Futuro

Personal information
- Born: Unrevealed 2002 (age 23–24) Mexico City

Professional wrestling career
- Ring name: Futuro
- Billed height: 1.70 m (5 ft 7 in)
- Billed weight: 75 kg (165 lb)
- Trained by: Arturo Beristain Jaque Mate
- Debut: September 2018

= Futuro (wrestler) =

Mexican professional wrestler

Futuro (born 2002) is a Mexican professional wrestler currently working for the promotion Consejo Mundial de Lucha Libre (CMLL), where he is a member of the Los Viajeros del Espacio ("The Space Travelers") stable. He also makes appearances for partner promotion New Japan Pro-Wrestling (NJPW).
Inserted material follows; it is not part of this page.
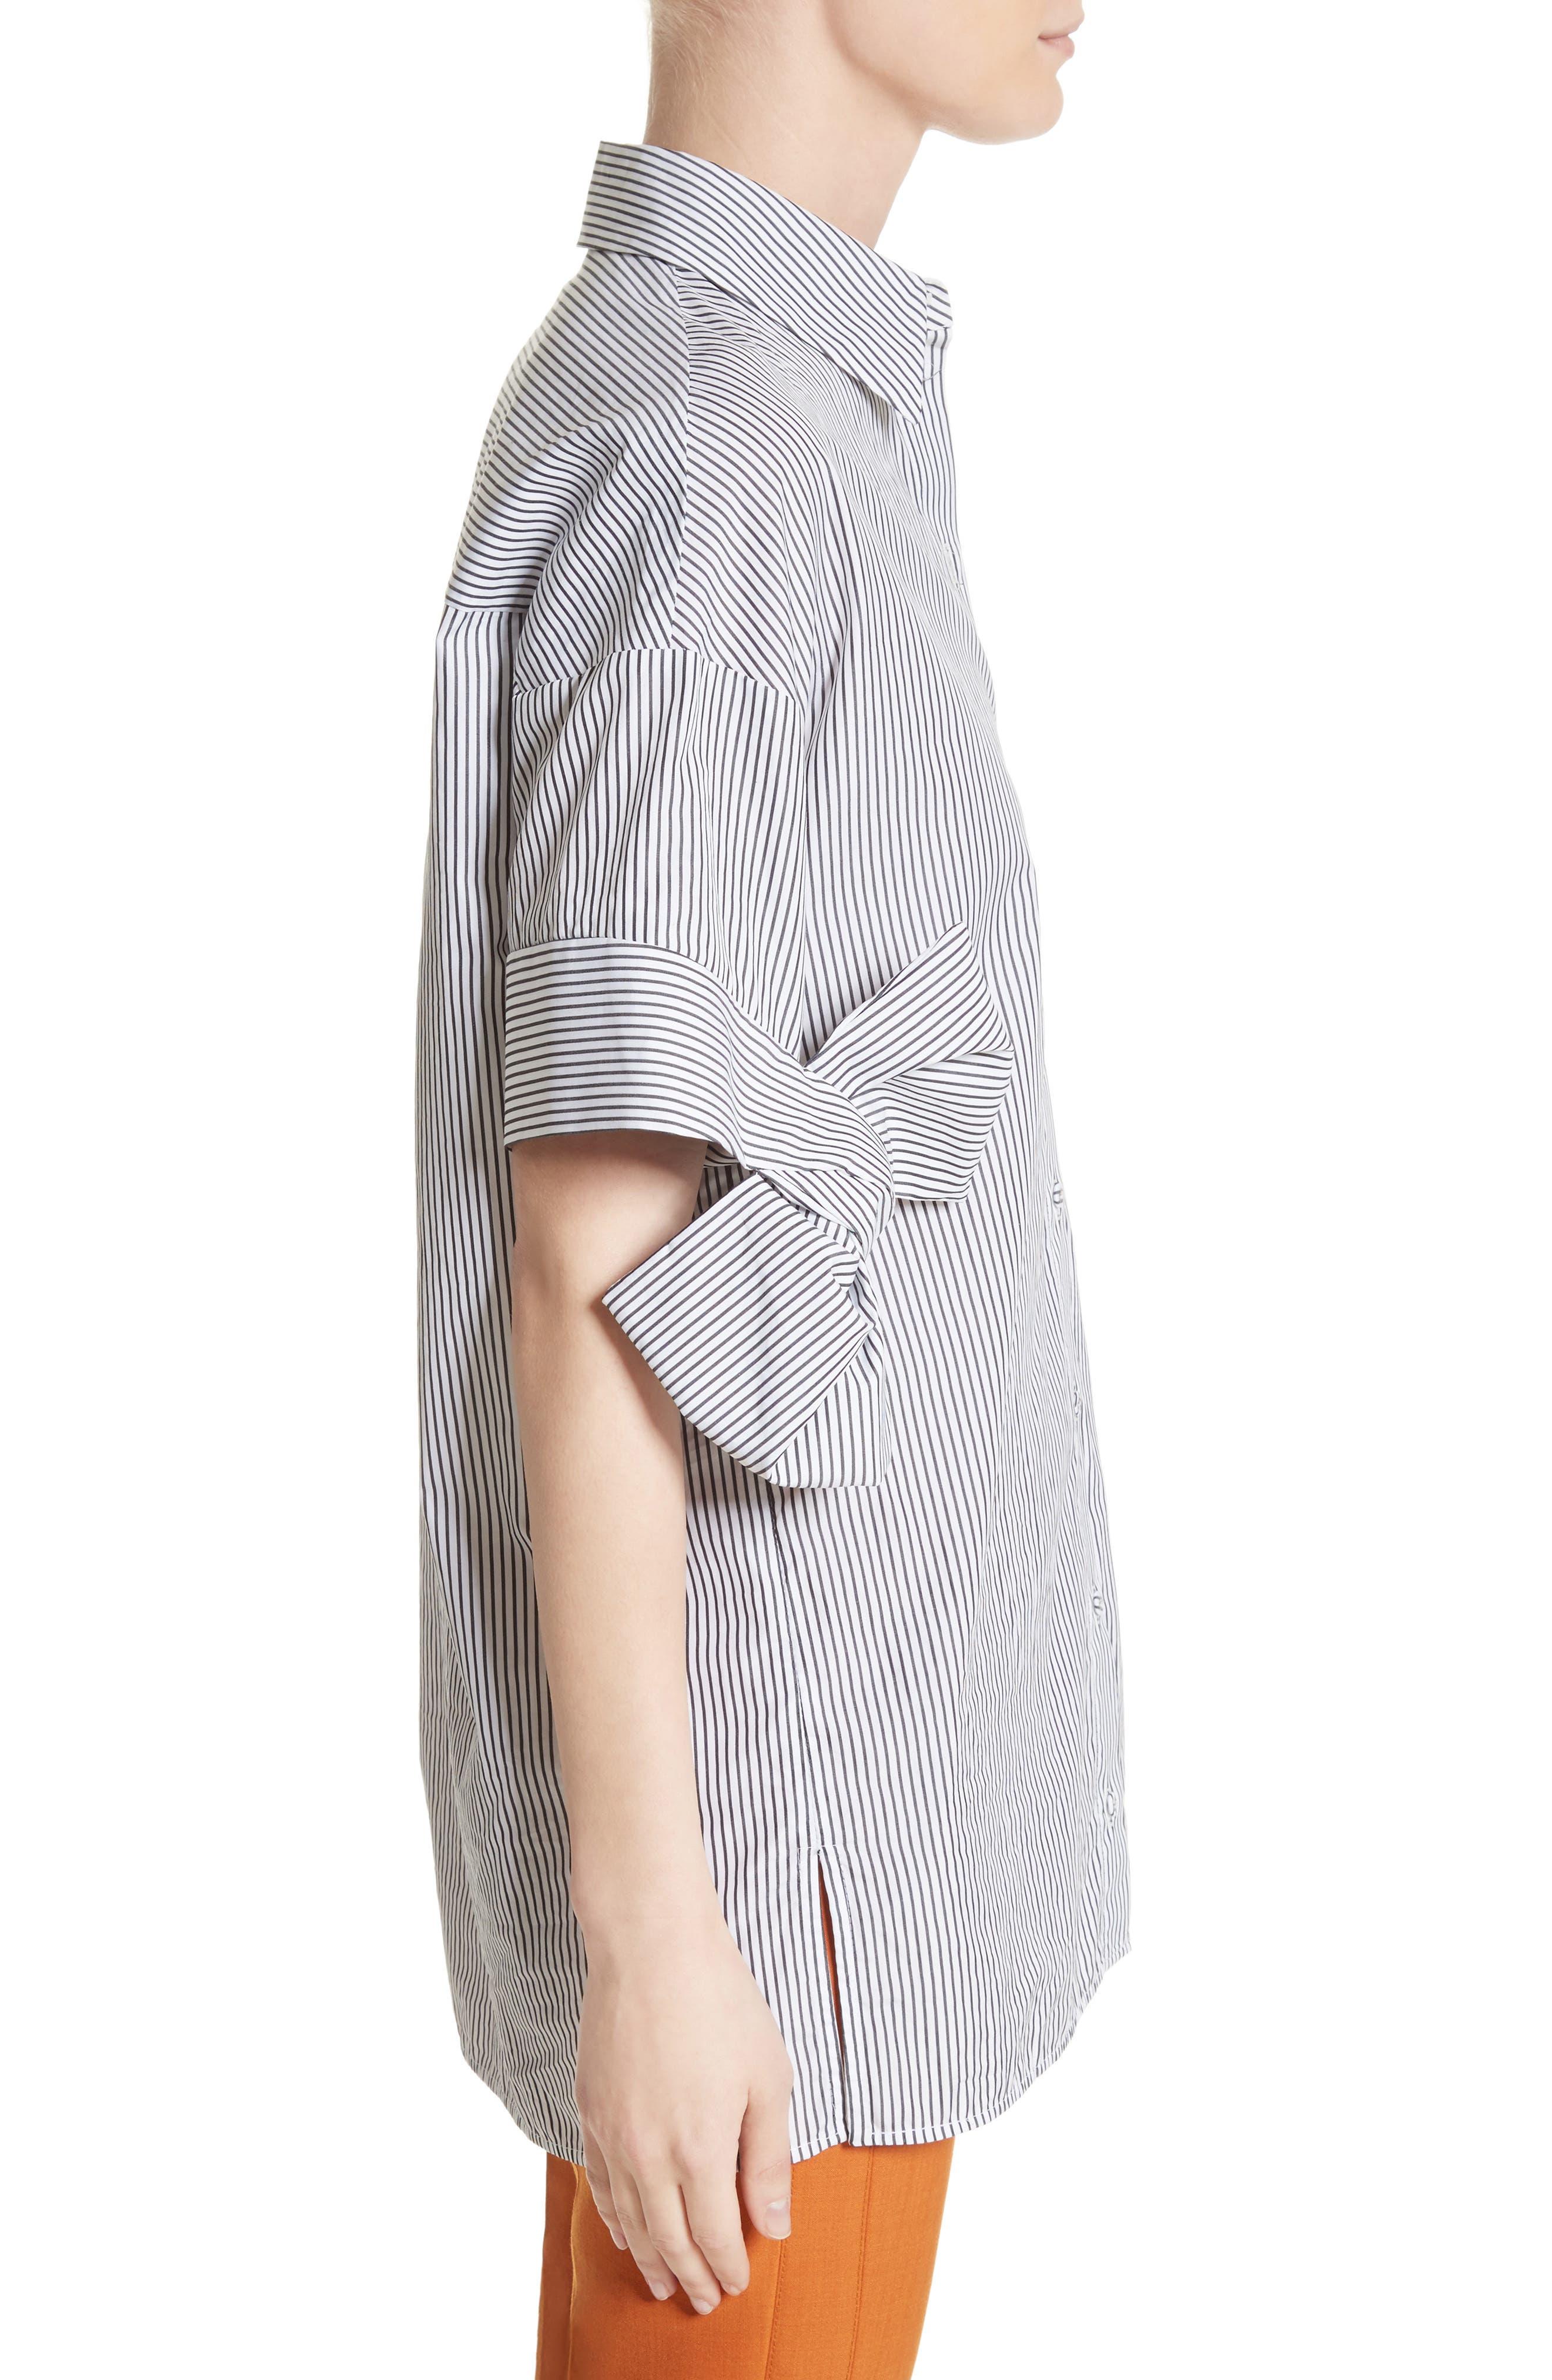 Bow Sleeve Shirt,                             Alternate thumbnail 3, color,                             Black/ White

He is a former Mexican National Lightweight Champion and Mexican National Trios Champion. His real name is not a matter of public record, as is often the case with masked wrestlers in Mexico, where their private lives are kept a secret from the wrestling fans.

== Professional wrestling career ==
=== Early career (2018–2023) ===
Growing up, Futuro joined a lucha olímpica ("freestyle wrestling") club, where he became a national champion and competed internationally. He entered professional wrestling through his uncle, Tony Aguirre, training under Jaque Mate and Arturo Beristain by the age of 16, before making his debut in September 2018. One of his earliest high profile matches saw him defeat Blue Monsther Jr., Corono de Fuego, Eurus, Farsante, Iron Kid, Mexica, Tempo and Magico in a nine-way match on December 25, 2019, to win Mi Sagrada Lucha Libre (MSLL)'s Copa Celeste. On December 29, 2021, at their Noche de Campeones ("Night of Champions") event, Futuro defeated Yoruba and Nygma in a three-way match to win the MSLL Celeste Championship, which he lost to Perseo on May 14, 2022. Futuro appeared for International Wrestling Revolution Group (IWRG) on December 18, representing MSLL in a four-way tag team match, which his team was unsuccessful in winning.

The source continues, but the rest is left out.